BCE capital expenditures of $1,031 million in Q3 2020 increased by $22 million, compared to Q3 2019, and capital expenditures as a percentage of revenue (capital intensity ratio) of 17.8% in Q3 2020 also increased by 0.8 pts, compared to 17% last year, driven by higher spending at Bell Wireless and Bell Media moderated by lower spending at Bell Wireline. Conversely, year-to-date capital expenditures of $2,708 million declined $116 million, compared to the same period last year, as the lower spending at Bell Wireline more than offset the greater spending at Bell Wireless and Bell Media. The corresponding capital intensity ratio of 16.1% year to date was stable year over year. Capital expenditures in the quarter and in the first nine months of the year, reflected the following:

 

 

Higher capital spending in our wireless segment of $51 million in Q3 2020 and $56 million year to date, compared to the same periods in 2019, mainly due to continued investments in our 5G and LTE-A networks and capacity expansion to support increased demand due to the COVID-19 pandemic

 

 

Reduced capital spending in our wireline segment of $34 million in Q3 2020 and $177 million year to date, compared to the same periods in 2019, primarily due to the slower pace of spending over the previous year, in part due to fewer new customer service installations attributable to the COVID-19 pandemic. We continued to invest in the expansion of our FTTP network to more homes and businesses and the rollout of our fixed WTTP network to rural locations. Additionally, we invested in capacity expansion driven by increased demand due to the COVID-19 pandemic, along with investments in online fulfillment customer self-serve and automation tools as well as improved app functionality, also driven by the pandemic.

 

 

Greater capital investments in our Bell Media segment of $5 million in the quarter and year to date, compared to the same periods in 2019, mainly due to enhancements to our video platforms in the quarter

 

 

DEBT INSTRUMENTS

2020

In the third quarter of 2020, we issued $65 million of debt, net of repayments. This included the issuance of Series M-53 MTN debentures with a total principal amount of $750 million and the issuance (net of repayments) of $317 million of notes payable, partly offset by the early redemption of Series M-30 MTN debentures with a total principal amount of $750 million, net payments of leases and other debt of $229 million and a decrease in securitized trade receivables of $23 million.

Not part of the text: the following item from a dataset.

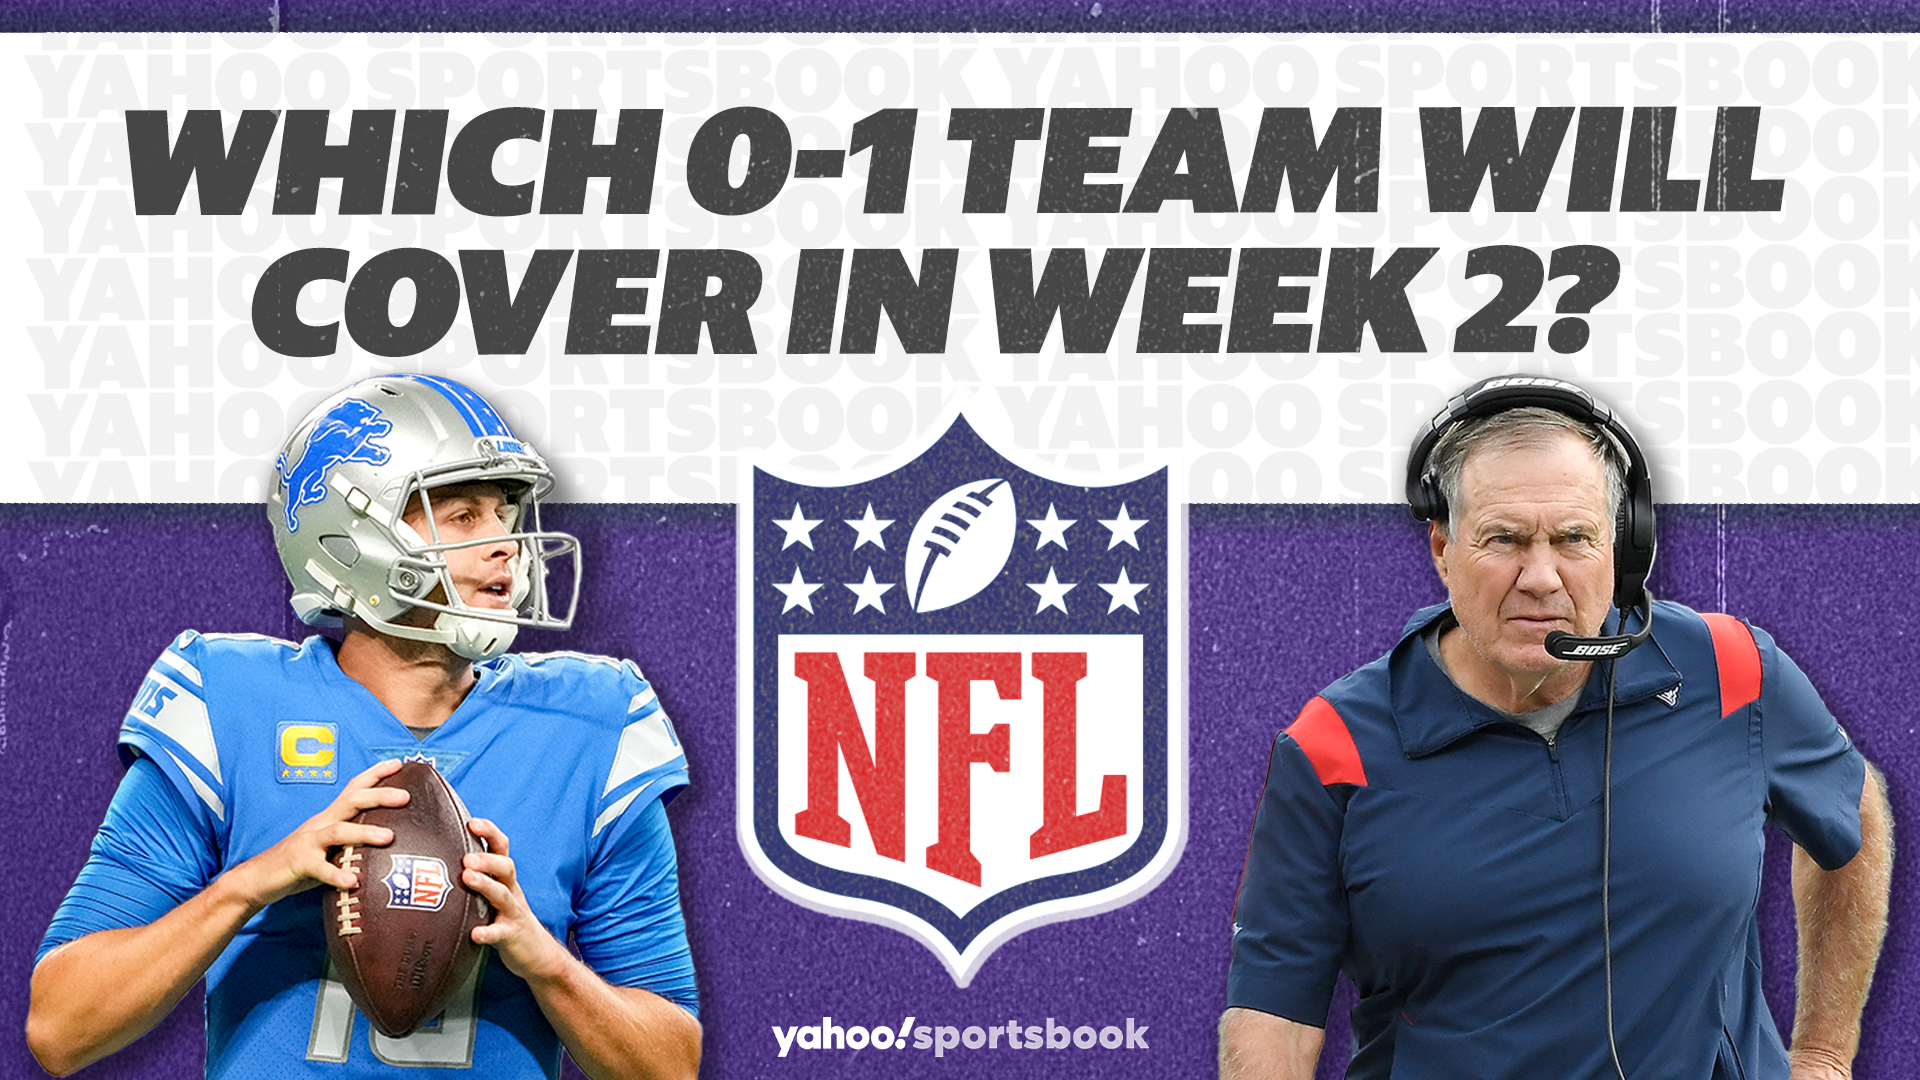 NFL Week 1 eliminator picks: Best bets for NFL survivor pool
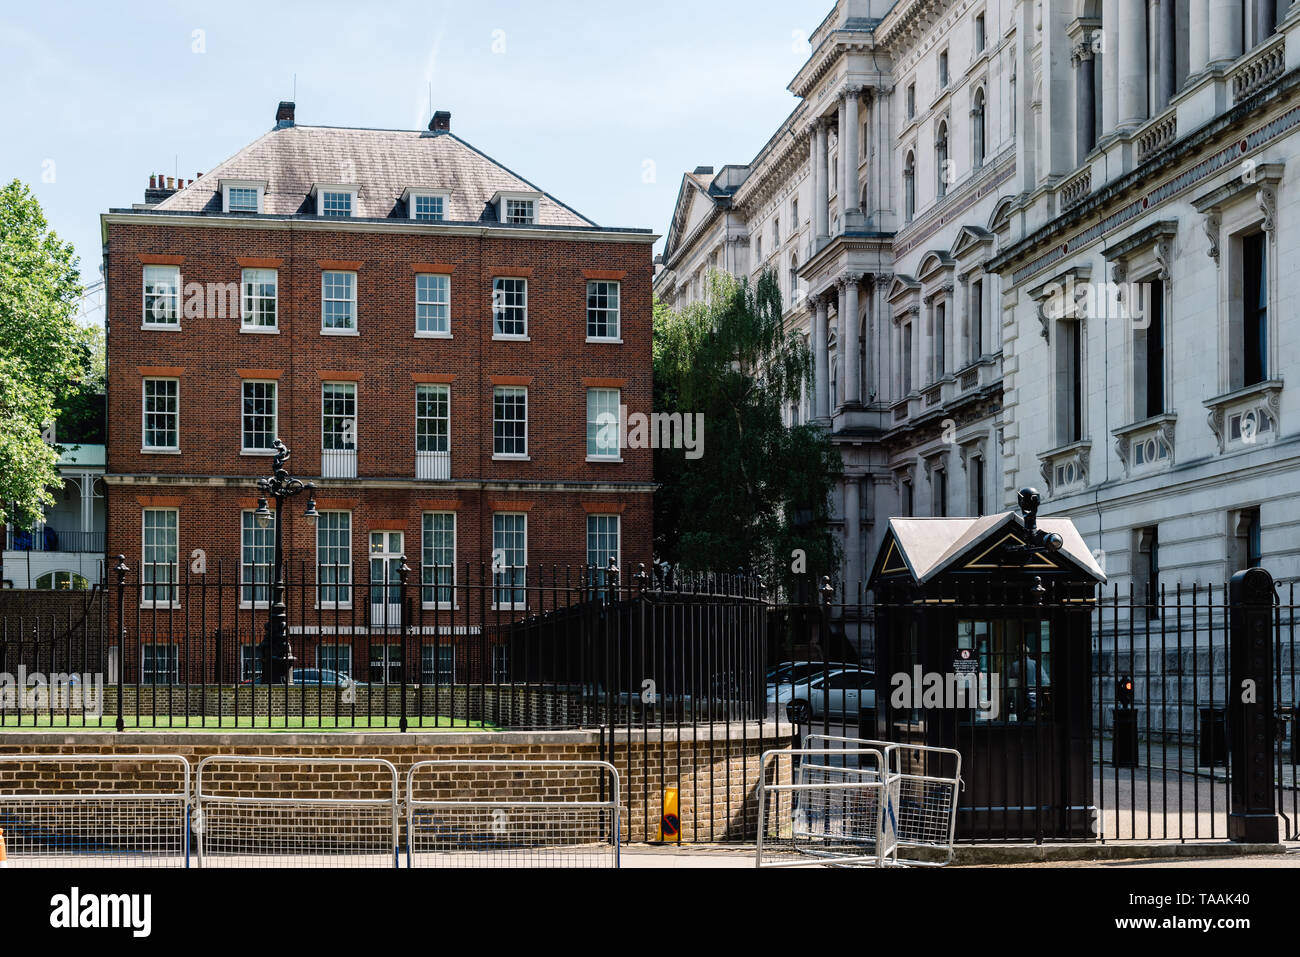 Londres, Reino Unido - 14 de mayo de 2019: puerta de entrada posterior al 10 de Downing Street, en la ciudad de Westminster, Londres, Reino Unido. El 10 de Downing Street es la residencia de t Foto de stock

In the first nine months of 2020, we issued $957 million of debt, net of repayments. This included the issuance of Series M-51, Series M-47, Series M-52 and Series M-53 MTN debentures, with total principal amounts of $1,250 million, $1 billion, $1 billion and $750 million in Canadian dollars, respectively, partly offset by the repayment (net of issuances) of $1,117 million of notes payable, the early redemption of Series M-30 and M-24 MTN debentures with total principal amounts of $750 million and $500 million, respectively, net payments of leases and other debt of $653 million and a decrease in securitized trade receivables of $23 million. Additionally, during the first half of 2020, Bell Canada drew $1,450 million in U.S. dollars ($2,035 million in Canadian dollars) under its committed credit facilities. In Q2 2020, Bell Canada repaid all of the U.S. dollar borrowings under such facilities.

2019

In the third quarter of 2019, we repaid $742 million of debt, net of issuances. This included the repayments (net of issuances) of $1,066 million of notes payable and net payments of lease liabilities and other debt of $226 million. These repayments were partly offset by the issuance of Series M-50 MTN debentures with a total principal amount of $550 million in Canadian dollars.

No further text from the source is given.